House lawmakers reconvened Tuesday, but only briefly.

Florida lawmakers face time crunch, frustration over budget deal

House Speaker Rep. Danny Perez, R-Miami, placed the blame squarely on the Senate and President Ben Albritton, accusing them of abandoning a tax-cut compromise struck weeks ago.

"Unfortunately, as you are already aware, the Senate broke the deal that we had reached on Day 60 and blew up our budget framework," Perez said.

In a memo to the upper chamber, sent last Friday, Albritton objected to the original "framework." He argued the governor was likely to veto, the proposed permanent tax cuts went too deep, and that they wouldn’t provide meaningful relief to Floridians via a reduction in sales taxes.

"I don't think we're at risk of a shutdown, but I don't think we're any closer than we were three weeks ago," Perez told reporters after the Tuesday floor session. "I think we had to start all over again."

Despite the chaos, Perez said the House remains open to "any and all ideas that curb the state budget," though he took a swipe at the governor's rebate program for homesteaders, dismissing it as little more than "checks from the state treasury."

Lawmakers voted to extend the session through June 30, buying more time for a deal, though not without complications for legislators balancing work back home.

"It is a huge inconvenience, because court cases set the judges are going to have to continue them, but they're not going to be happy," state Rep. Ashley Gantt, D-Miami, said.

Democrats, meanwhile, are placing the blame for the impasse on the Republican supermajorities. They caution what a shutdown would mean if lawmakers can't pass a budget by July 1, the new fiscal year.

"I think that a shutdown, though, to be clear, would be catastrophic, because there are all sorts of state services that would stop,” said FL House Minority Leader Rep. Fentrice Driskell, D-Tampa. And I don't know what this means for our teachers, for state employees being furloughed, for transportation projects that stop, that you know could help communities locally with their traffic."

Gov. Ron DeSantis has also weighed in — harshly.
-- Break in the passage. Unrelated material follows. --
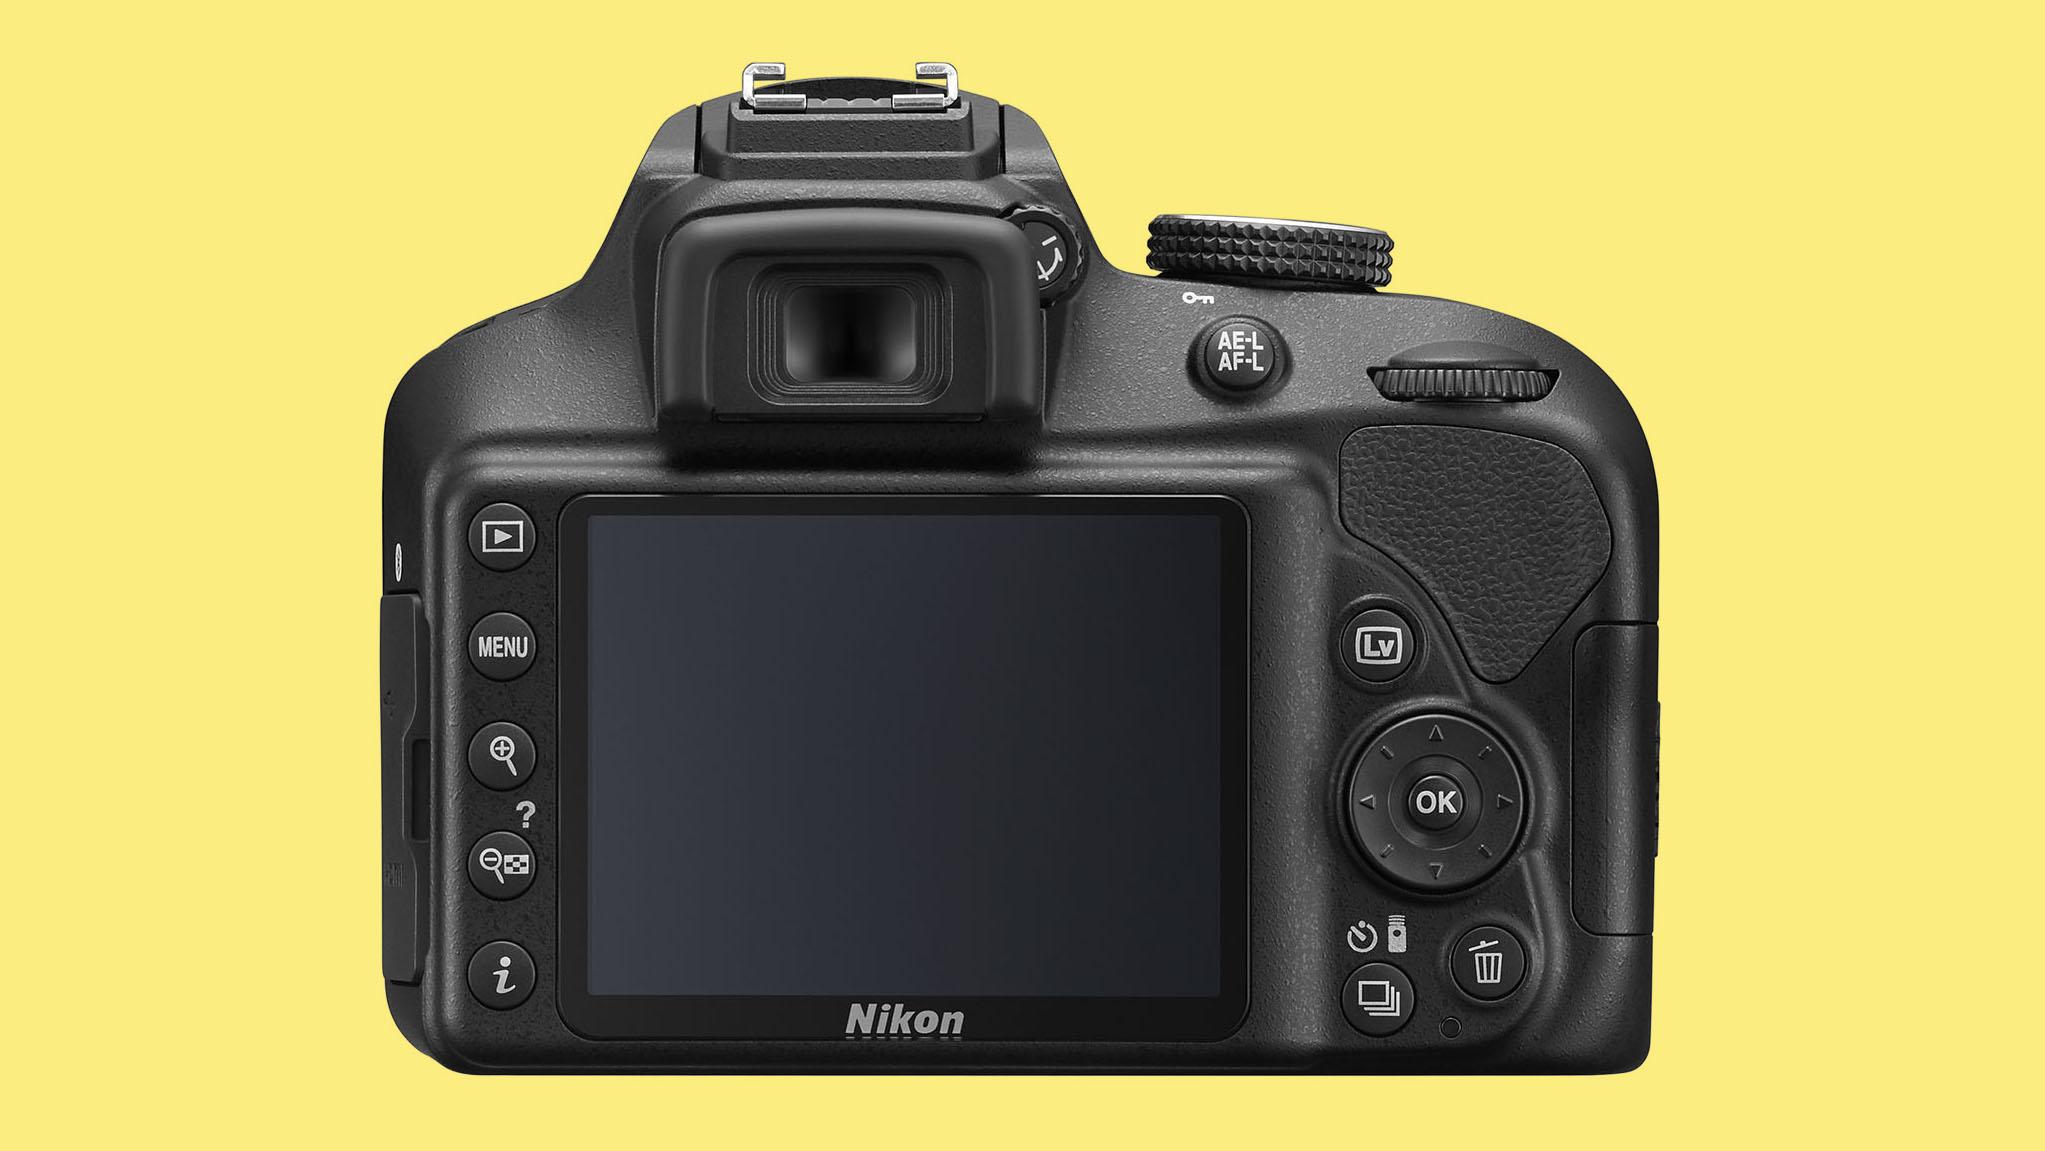 Nikond D3400

He's taken particular aim at the House, calling its motives political.

"You've got some of these folks in ... the House leadership, they have a personal agenda," DeSantis said Monday. "They have vendettas, a petty it's not being driven by strong policy."

In a rare move, House Republicans asked DeSantis to essentially put his money where his mouth is. The House Select Committee invited him to present his property tax relief ideas at their next meeting, sending this letter.

"We're trying to include all resources. We've said since the very beginning that everything is on the table right now," state Rep. Toby Overdorf, R-Stuart, said. "And certainly, as the leader of the state, as our governor, we want information from him."

But DeSantis isn't expected to respond. His communications director, Bryan Griffin, posted this online.

"This is the design of a committee intended to kill an idea like property tax relief," Griffin said.

Meanwhile, the Senate remains largely silent with its members absent from the Capitol and its leadership yet to commit to extending the session beyond June 6. With a little more than three weeks remaining before a shutdown, the uncertainty continues — and so does the waiting.